:: Data shown ::

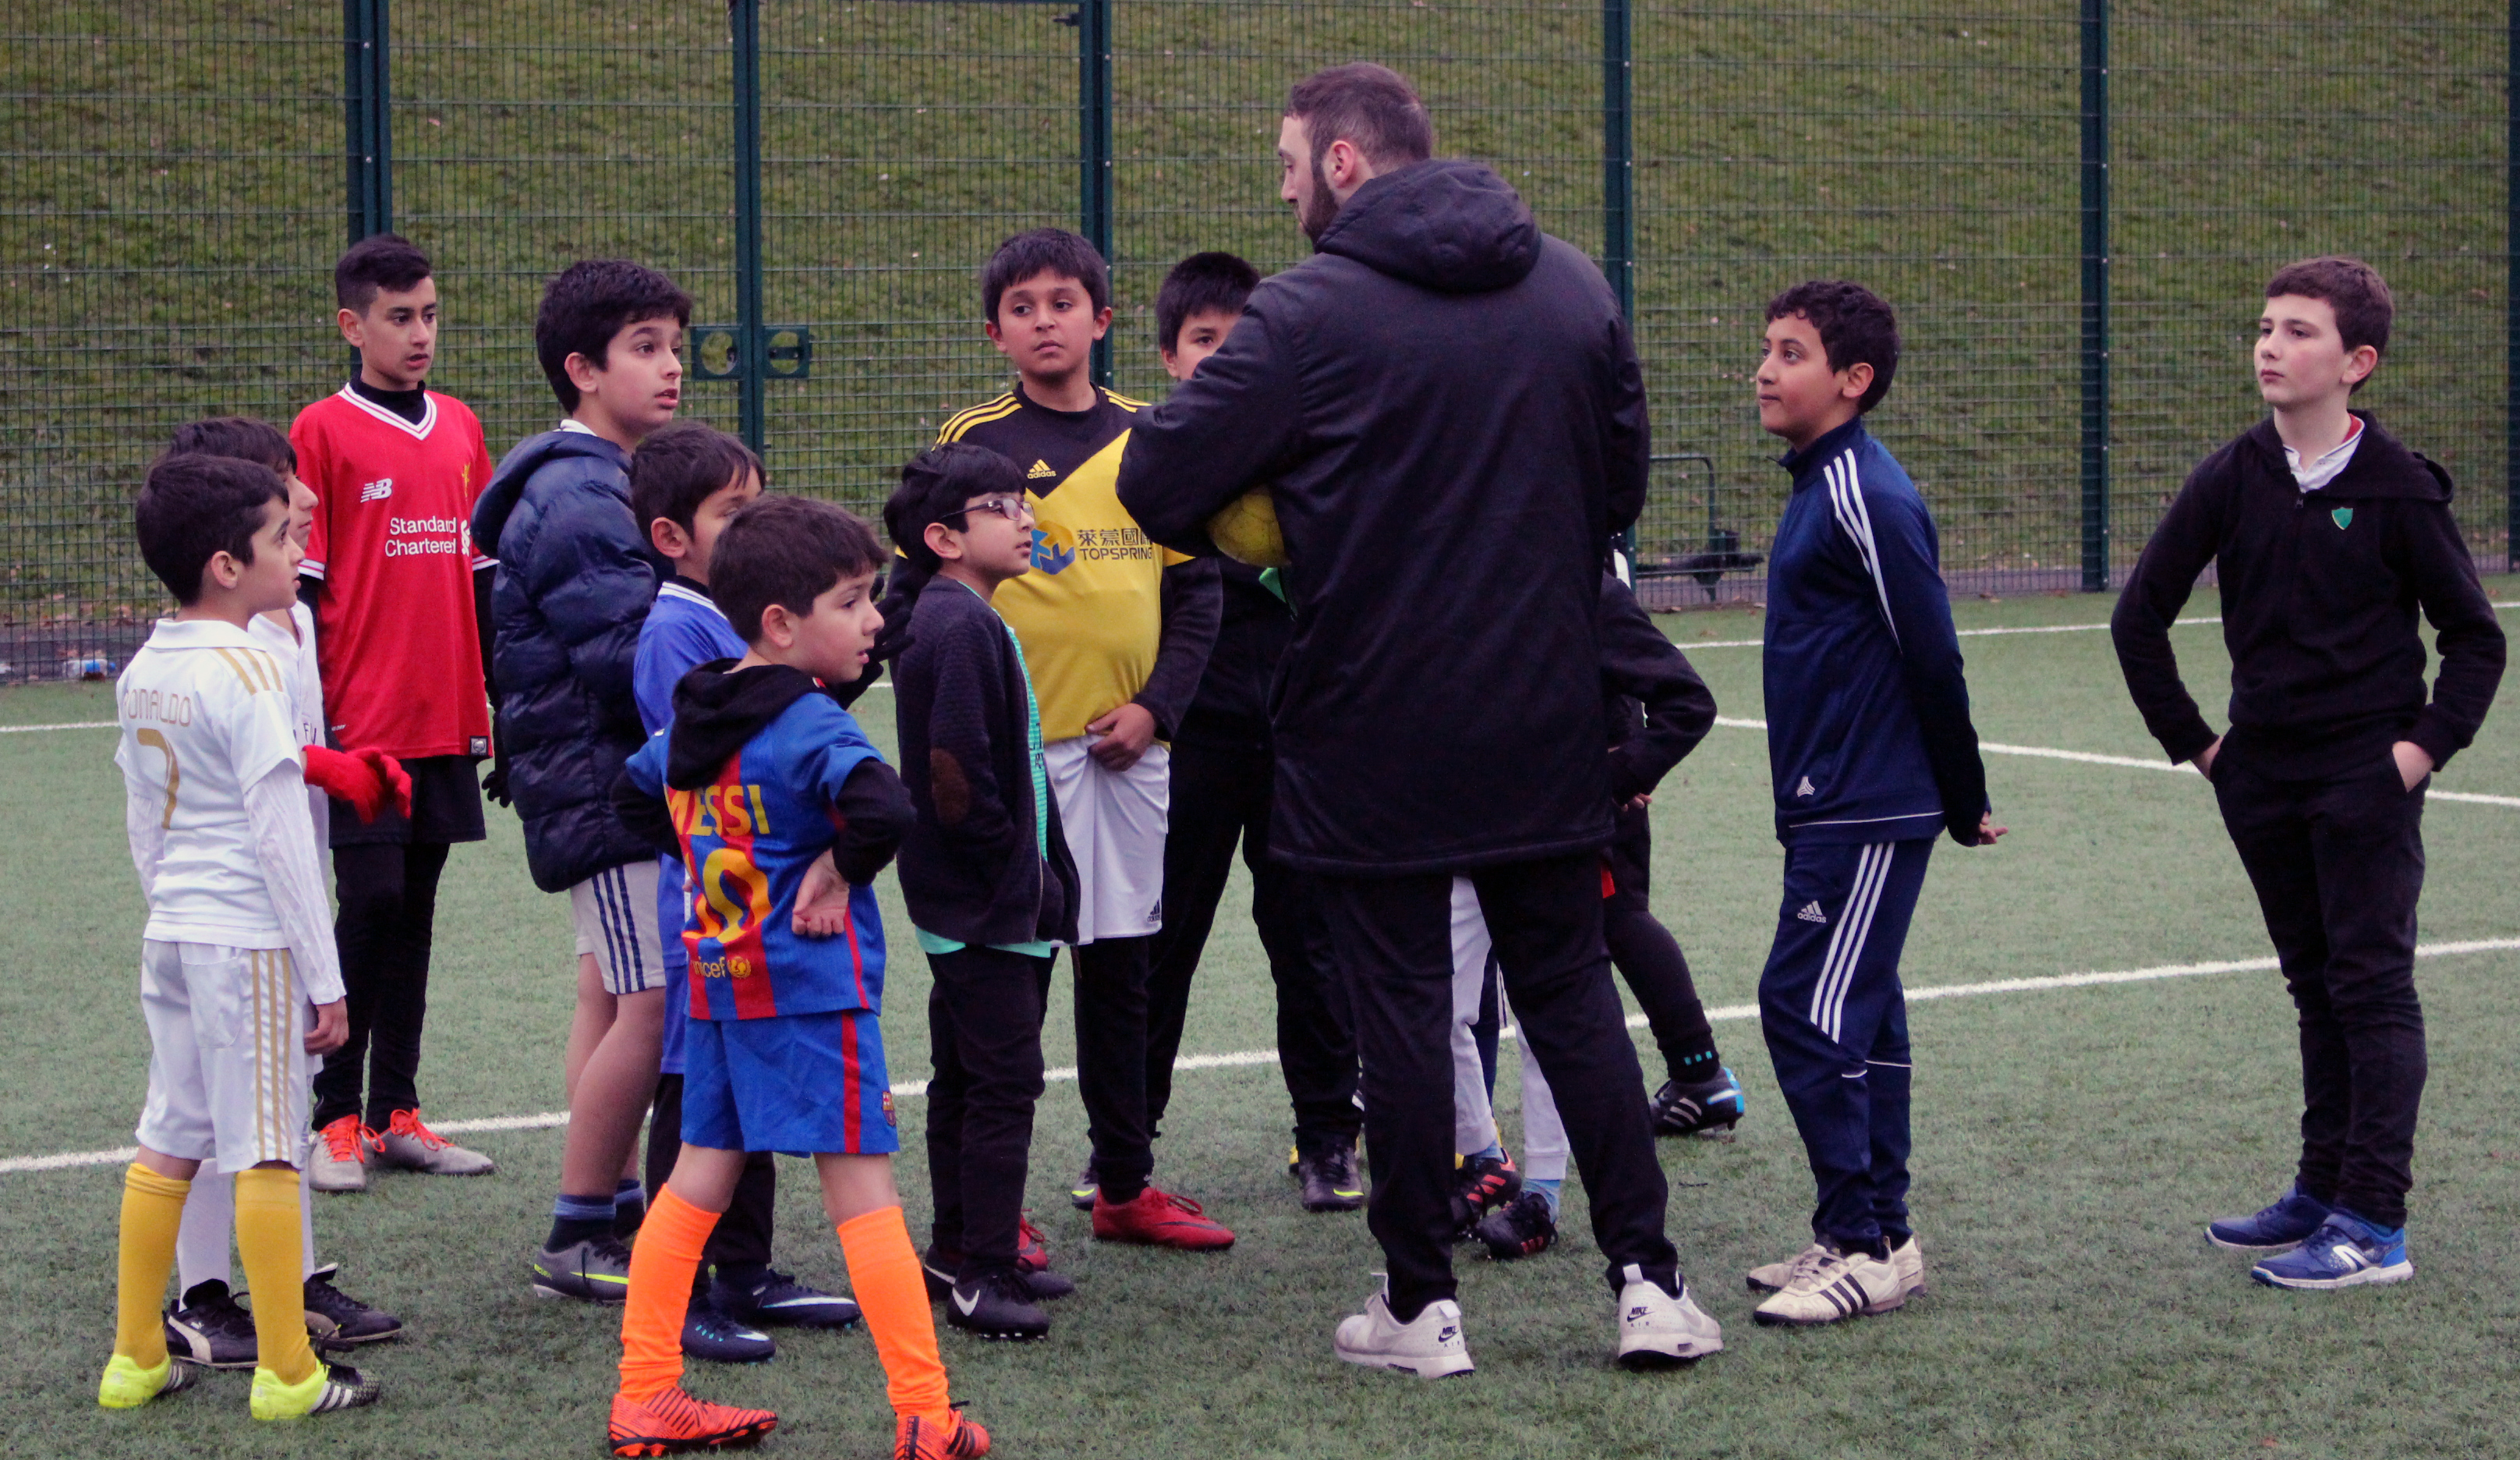 Football coaching - Sandro and juniors
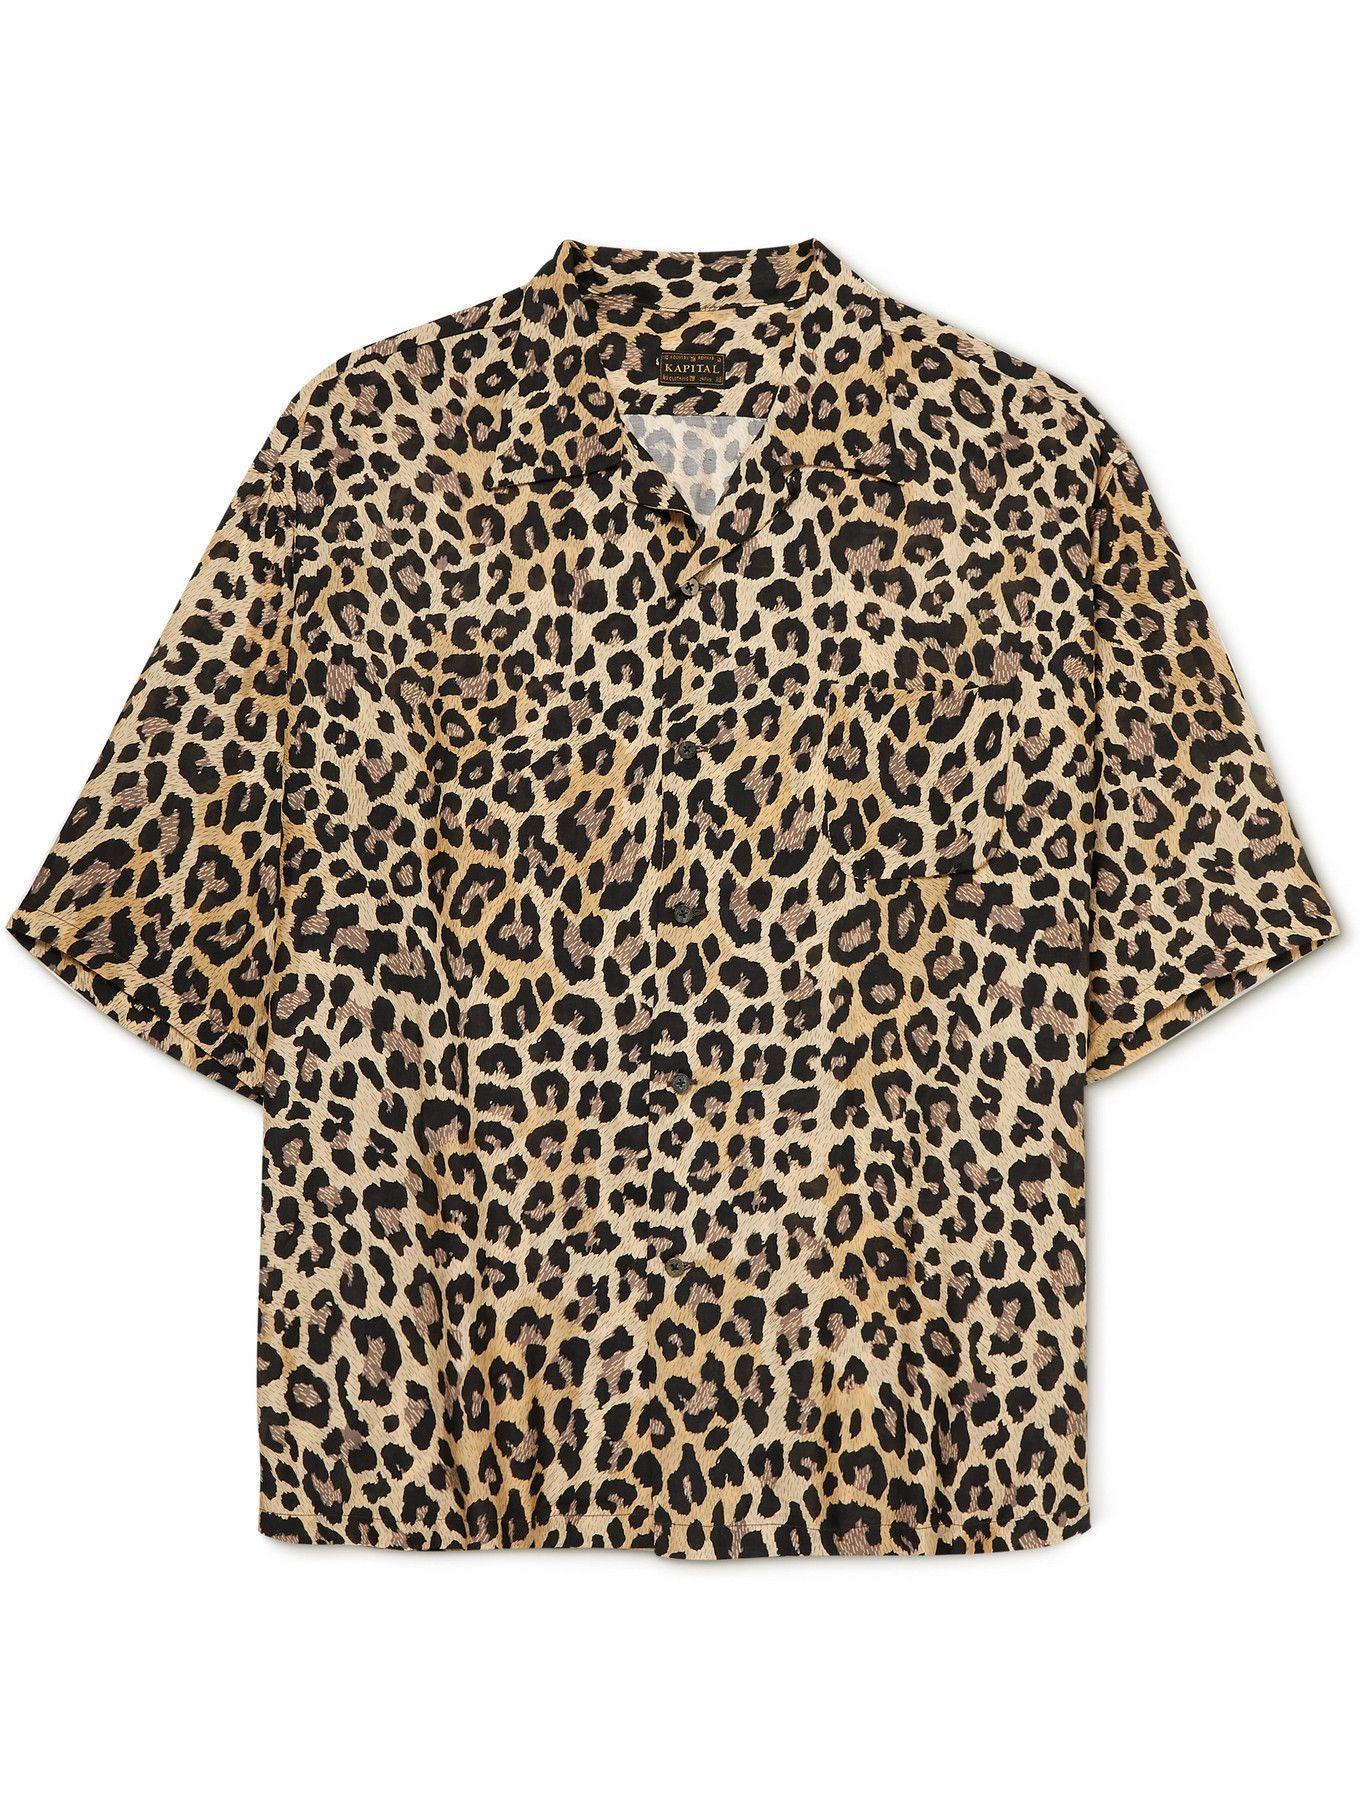 KAPITAL - Oversized Camp-Collar Leopard-Print Voile Shirt - Brown
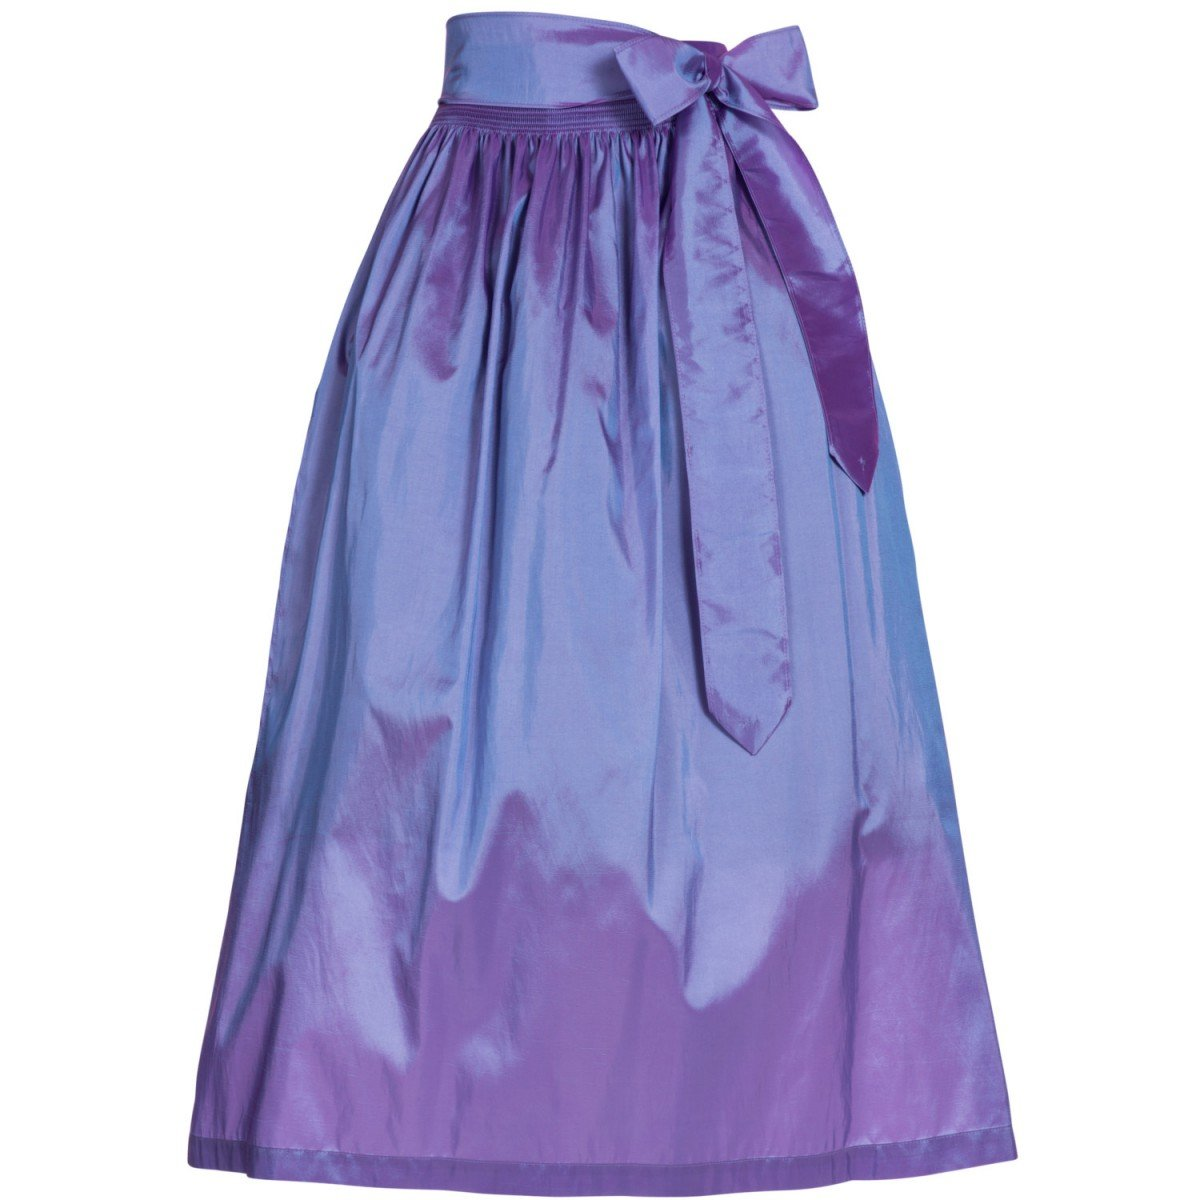 Country Line Damen Trachten-Mode Dirndlschürze in Lila Traditionell Größe:M Farbe:Lila

:: What is being asked ::
Copy out the material word for word, without any images.

:: Your solution ::
 Football coaching - Sandro and juniors
 KAPITAL - Oversized Camp-Collar Leopard-Print Voile Shirt - Brown
 Country Line Damen Trachten-Mode Dirndlschürze in Lila Traditionell Größe:M Farbe:Lila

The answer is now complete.